The five seeds are shared across every condition, so averaging a seed's filter effect over the four cells yields five independent per-seed estimates of the average filter effect. The seed is the independent replication unit, so a one-sample t-test on those five values is the appropriate pooled test.

In [4]:
D = np.vstack([diffs[c] for c in cells])      # shape (4 conditions, 5 seeds)
seed_avg = D.mean(axis=0)                      # one average effect per seed
print('per-seed average filter effect (pp):', np.round(seed_avg, 3))
print('all positive:', bool(np.all(seed_avg > 0)))
print()

# [1] appropriate test: one-sample t on the 5 independent seed-level estimates
t, p = stats.ttest_1samp(seed_avg, 0)
ci = stats.t.interval(0.95, len(seed_avg) - 1, loc=seed_avg.mean(), scale=stats.sem(seed_avg))
print('[1] seed-level one-sample t-test')
print(f'    mean = {seed_avg.mean():+.3f} pp   95% CI [{ci[0]:+.3f}, {ci[1]:+.3f}]   '
      f't = {t:.2f} (df={len(seed_avg)-1})   p = {p:.4f}')

# [2] distribution-free backups (no normality assumption)
w, pw = stats.wilcoxon(seed_avg)
obs = seed_avg.mean()
perm = [np.mean(seed_avg * np.array(s)) for s in itertools.product([1, -1], repeat=len(seed_avg))]
p_perm = float(np.mean([abs(m) >= abs(obs) - 1e-12 for m in perm]))   # two-sided
print(f'[2] Wilcoxon signed-rank p = {pw:.4f}   exact sign-flip permutation p = {p_perm:.4f}')

# [3] the WRONG test: 20 diffs treated as independent (ignores within-seed correlation)
t2, p2 = stats.ttest_1samp(D.flatten(), 0)
print(f'[3] naive t on all 20 diffs (incorrect): t = {t2:.2f}   p = {p2:.4f}  -> misses the signal')

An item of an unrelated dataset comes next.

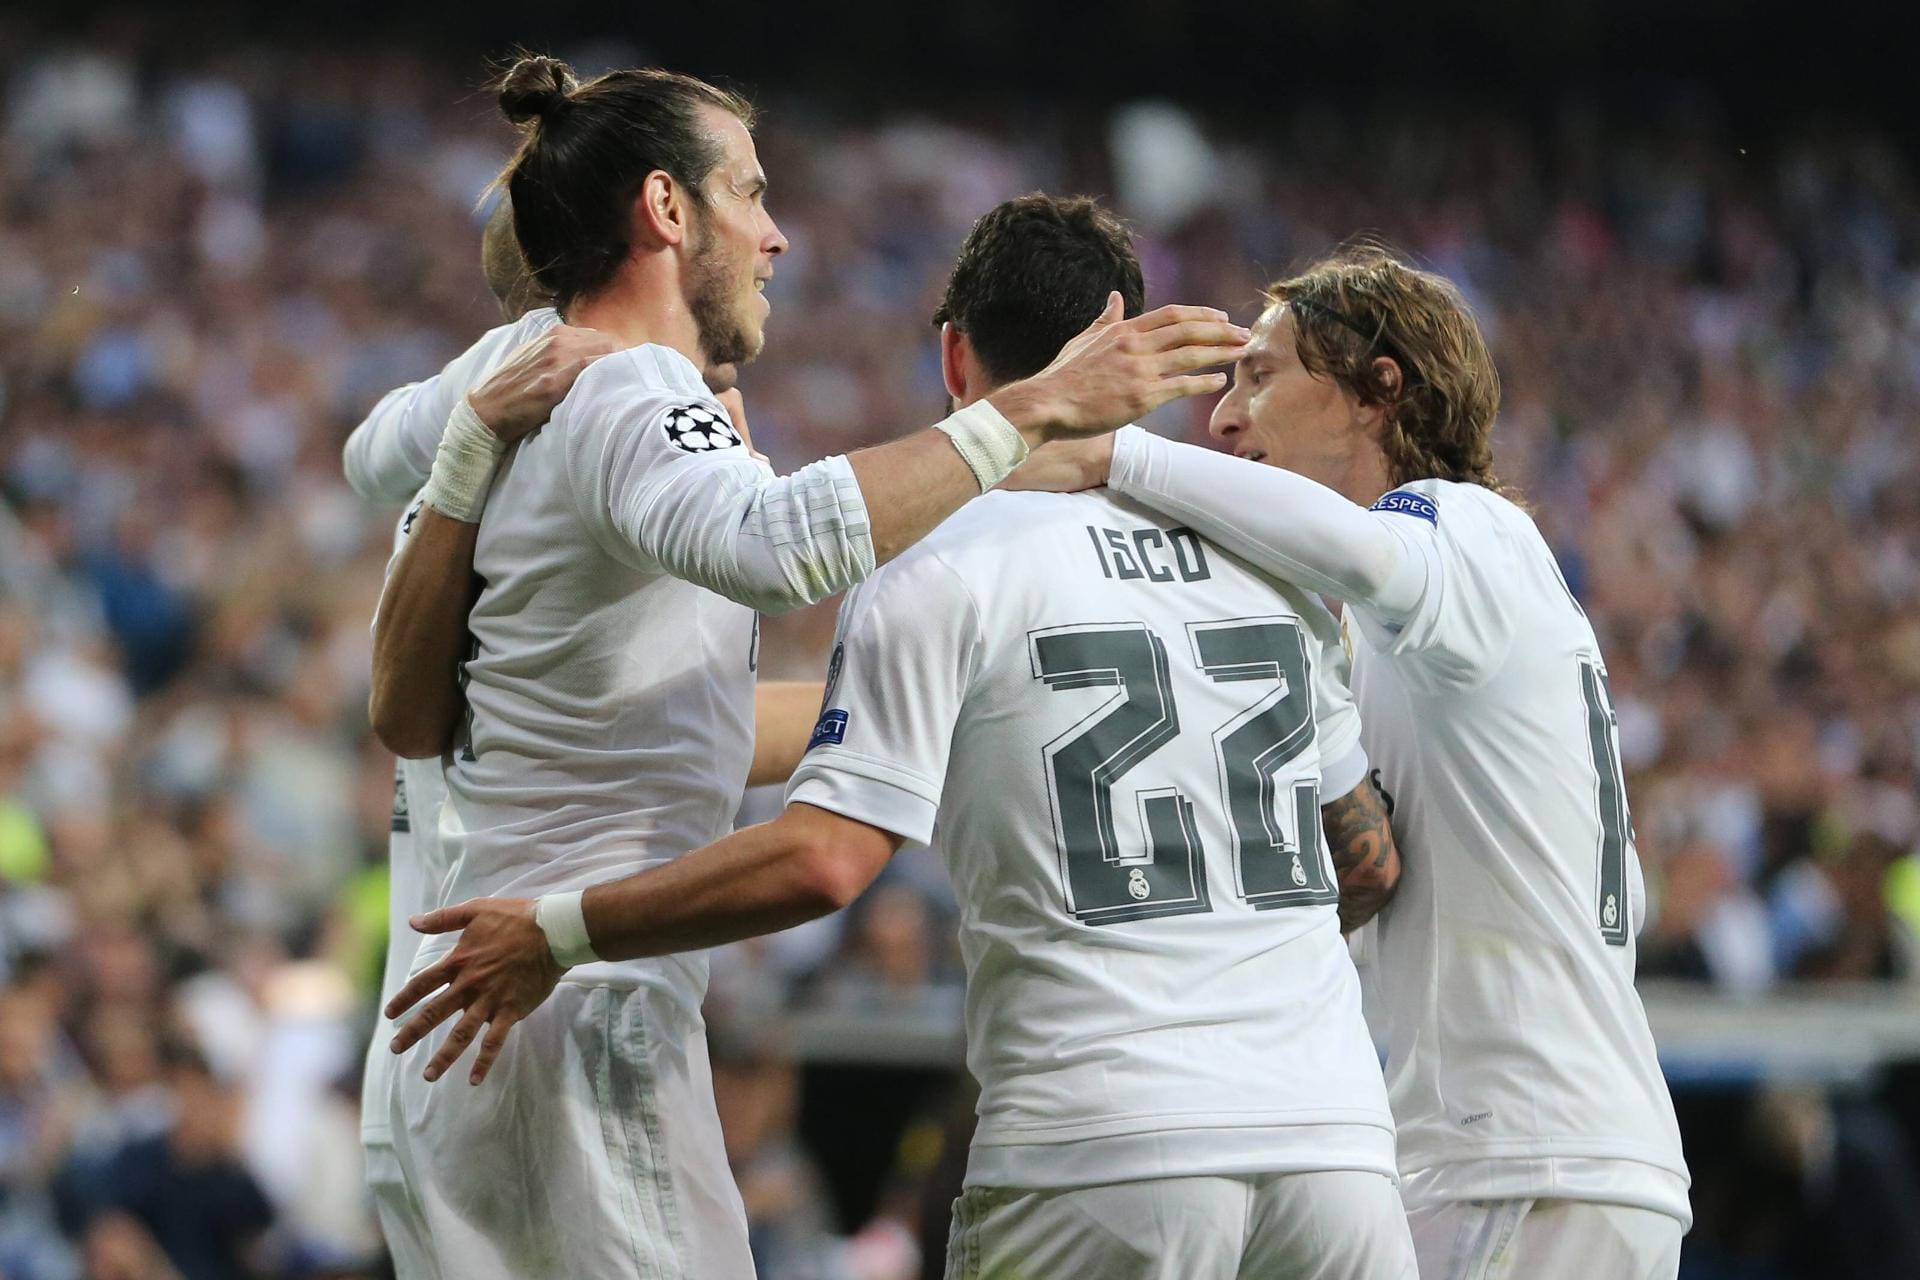 Die zweite Halbzeit blieb torlos und so durften sich Bale und Kollegen über den Einzug ins Finale am 28. Mai in Mailand freuen. Dort kommt es zum Stadtduell mit Atlético - bereits im Jahr 2014 die Finalpaarung der Königsklasse.

# [4] sign test on the seed-level estimates
n_pos = int((seed_avg > 0).sum())
sign_p = stats.binomtest(n_pos, len(seed_avg), 0.5, alternative="greater").pvalue
print(f'[4] sign test: {n_pos}/{len(seed_avg)} seeds positive   one-sided p = {sign_p:.4f}')
per-seed average filter effect (pp): [0.265 0.18  0.365 0.668 0.1  ]
all positive: True

[1] seed-level one-sample t-test
    mean = +0.316 pp   95% CI [+0.042, +0.589]   t = 3.21 (df=4)   p = 0.0327
[2] Wilcoxon signed-rank p = 0.0625   exact sign-flip permutation p = 0.0625
[3] naive t on all 20 diffs (incorrect): t = 1.59   p = 0.1292  -> misses the signal
[4] sign test: 5/5 seeds positive   one-sided p = 0.0312

4. Forest plot¶

Each per-condition contrast with its 95% CI, plus the pooled estimate. The individual intervals straddle zero; the pooled interval clears it (barely).

In [5]:
labels, means, errs = [], [], []
for count, ratio in cells:
    d = diffs[(count, ratio)]
    lo, hi = stats.t.interval(0.95, len(d) - 1, loc=d.mean(), scale=stats.sem(d))
    labels.append(f'{count}/class, {ratio}:1')
    means.append(d.mean())
    errs.append((hi - lo) / 2)

lo, hi = stats.t.interval(0.95, len(seed_avg) - 1, loc=seed_avg.mean(), scale=stats.sem(seed_avg))
labels.append('POOLED')
means.append(seed_avg.mean())
errs.append((hi - lo) / 2)

y = np.arange(len(labels))[::-1]
fig, ax = plt.subplots(figsize=(7, 3.2))
ax.errorbar(means[:4], y[:4], xerr=errs[:4], fmt='o', color='gray', capsize=4, label='per condition')
ax.errorbar(means[4:], y[4:], xerr=errs[4:], fmt='o', color='C0', capsize=4, label='pooled')
ax.axvline(0, color='k', lw=0.8, ls='--')
ax.set_yticks(y)
ax.set_yticklabels(labels)
ax.set_xlabel('filtered - unfiltered (percentage points)')
ax.set_title('Stage-1 filter effect: per condition vs pooled')
ax.legend(loc='lower right', frameon=False)
plt.tight_layout()
plt.show()
No description has been provided for this image

5. Conclusion¶

  • Per condition: no filter effect is detectable; all four contrasts are individually non-significant.
  • Pooled: the average filter effect is +0.32 pp (95% CI [+0.04, +0.59]); every seed positive; p = 0.033 parametric / 0.063 distribution-free — right on the significance boundary.
  • Direction is unanimous (4/4 conditions, 5/5 seeds positive). The consistency is the real signal; the magnitude is trivial.
  • Caveats: the effect is negligible next to the ~6-7 pp scarcity effect, and the seeds randomize only classifier training (the generator and pool were fixed), so this is an effect for this generator and pool, not a generalization.

Verdict: a small, consistent, borderline-significant positive Stage-1 effect — real, repeatable, and too small to act on. Stage 2 (perceptual SSIM/LPIPS screening) remains the untested route to a filter that might actually matter.